En el relato de Javier Moro, que se remonta a principios del siglo XIX, la vacuna debía transportarse en la pústula misma de la viruela y, mediante un corte, se colocaba en el brazo de quien la recibía. Los investigadores de entonces descubrieron que la viruela de la vaca era menos letal que la humana y empezaron a implantar la materia de sus pústulas en las personas. ¡Cosas del diablo!, decían sus detractores hace doscientos años, que argumentaban que con este método se alteraban las especies, la perfecta obra de Dios. Igual que hoy, con las teorías del cambio en el ADN o que la vacuna que se nos viene es “cosa de Satán”. En serio. No es broma.

Antes de la vacuna (que se llama así por lo de las vacas), el tratamiento que los médicos usaban era la variolización, es decir, juntar a personas sanas con aquellas que sobrevivían de la viruela para así inmunizarlas y que el contagio fuera menos letal. La historia que cuenta Moro es alucinante: una expedición humanitaria que incluía a veintidós niños huérfanos, a quienes llamaban “pobres de solemnidad”, cuyos cuerpos mismos serían transporte del virus que serviría para inmunizar a miles de personas en el continente americano: sus frágiles vidas para salvar a la humanidad. Entonces, en el siglo XIX, las recomendaciones eran las mismas que en la pandemia de hoy: higiene, distancia, aire libre. Solo que las condiciones de salubridad no eran ni remotamente parecidas a las de hoy. Peor, las condiciones para el desarrollo de la ciencia.

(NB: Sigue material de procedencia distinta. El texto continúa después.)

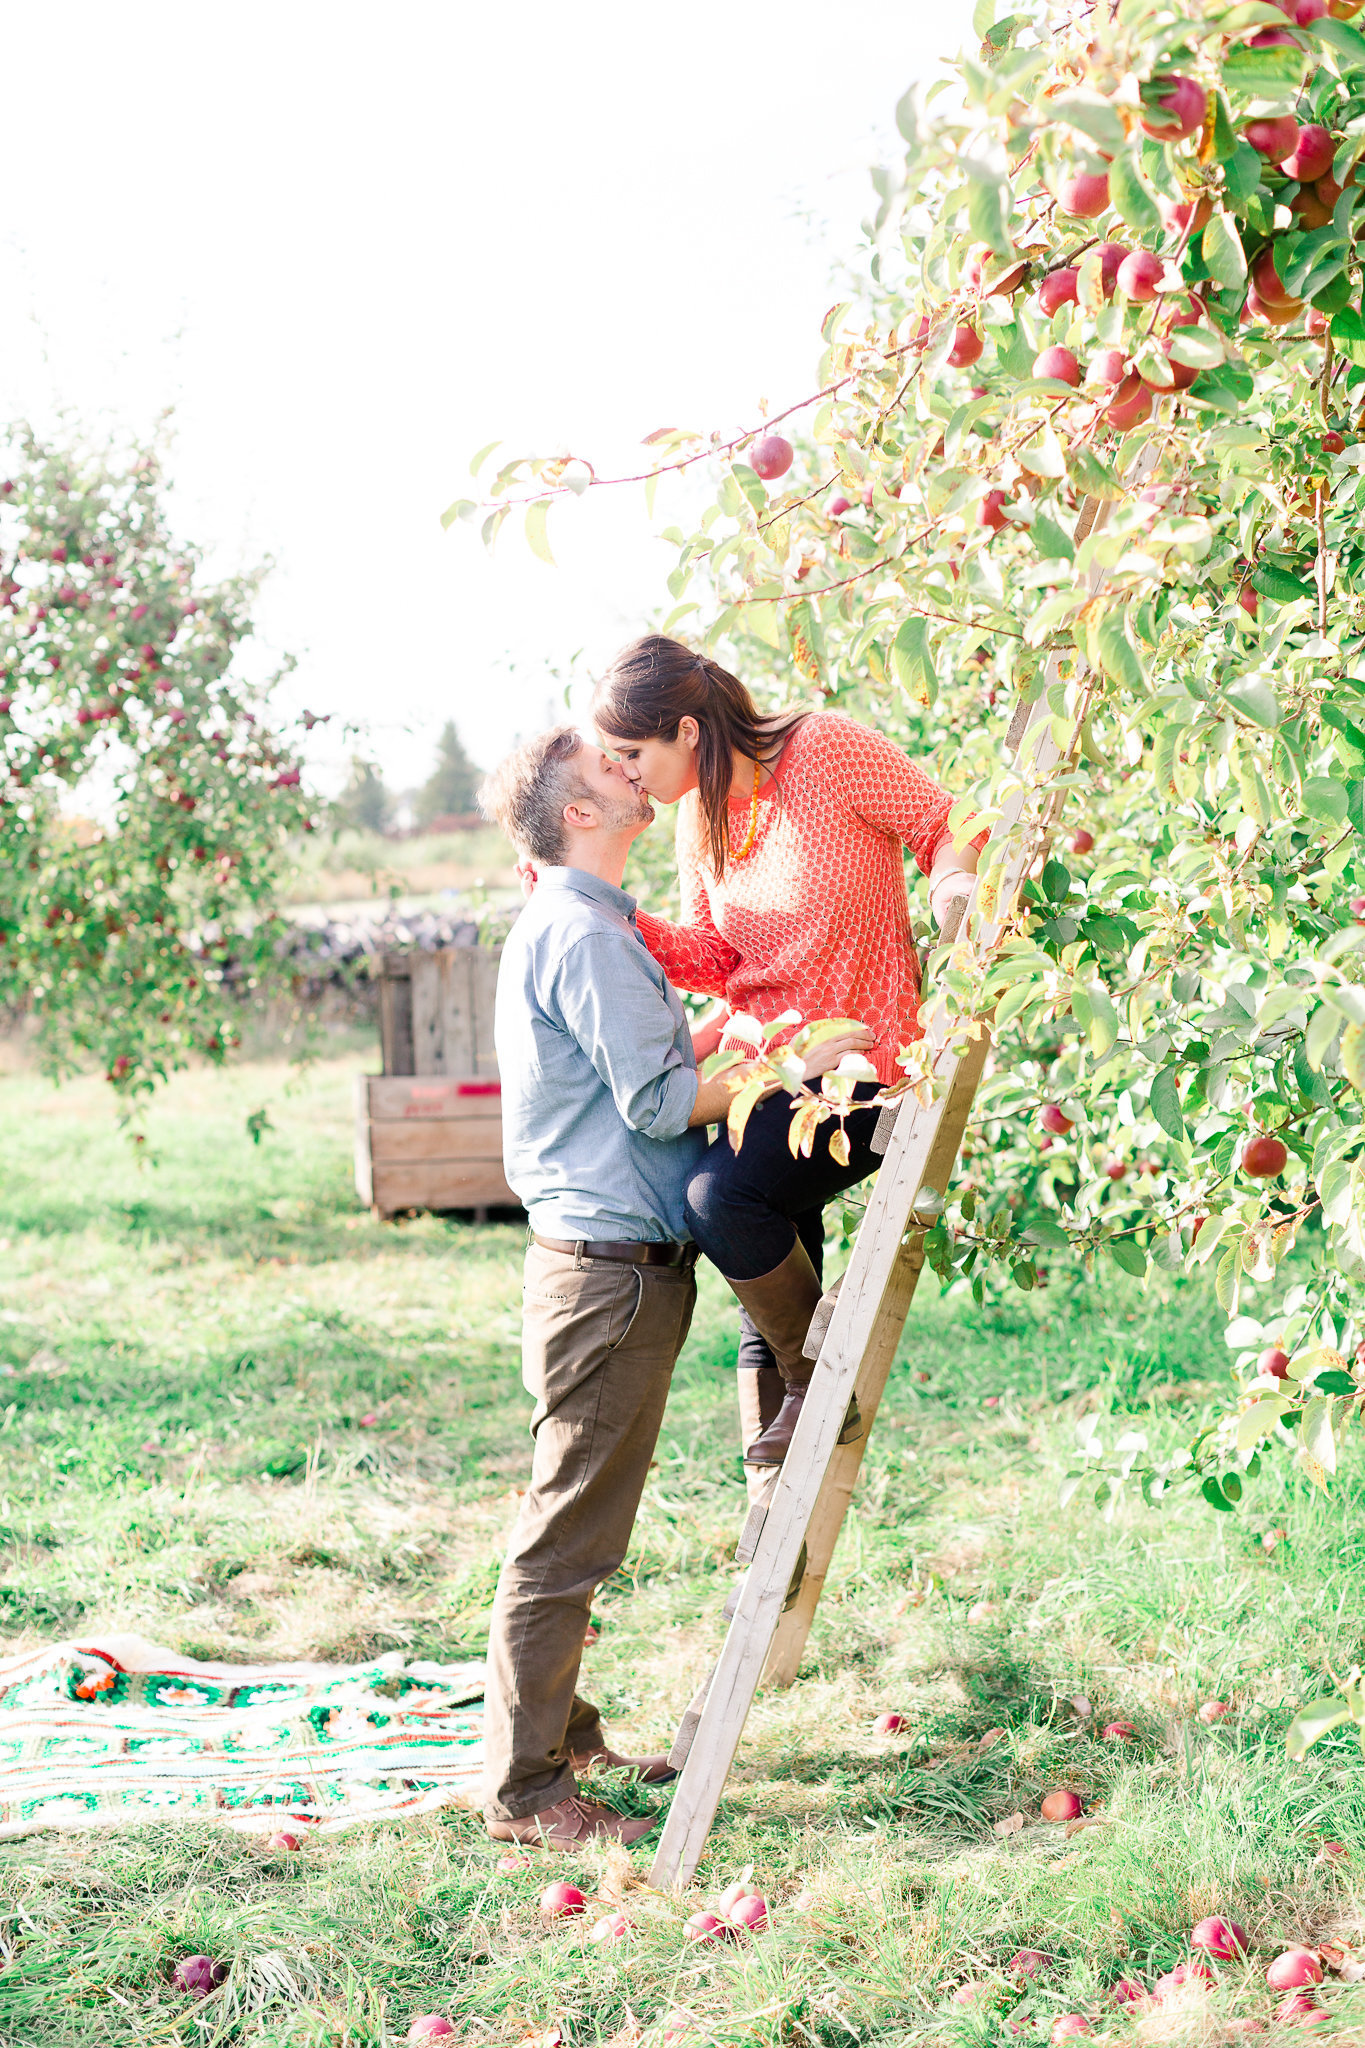 photographe-montreal-seance-fiancailles-verger-automne-lisa-renault-photographie-fall-orchard-engagement-session-11

“Las epidemias han tenido más influencia que los gobiernos en el devenir de nuestra historia”, escribía George Bernard Shaw. Su frase está en el epígrafe de A flor de piel. Y sí: poblaciones enteras han desaparecido como consecuencia de pestes, plagas y epidemias. La que nos tocó vivir es una más de las enfermedades que se han presentado en la historia de la humanidad y que se combaten con las vacunas, pero también con la concurrencia de muchos, con la solidaridad y la empatía. Lástima que olvidemos esos capítulos de la historia que nos harían actuar de forma más preventiva y menos improvisada. Tropezar varias veces con la misma piedra parece ser parte de la naturaleza humana.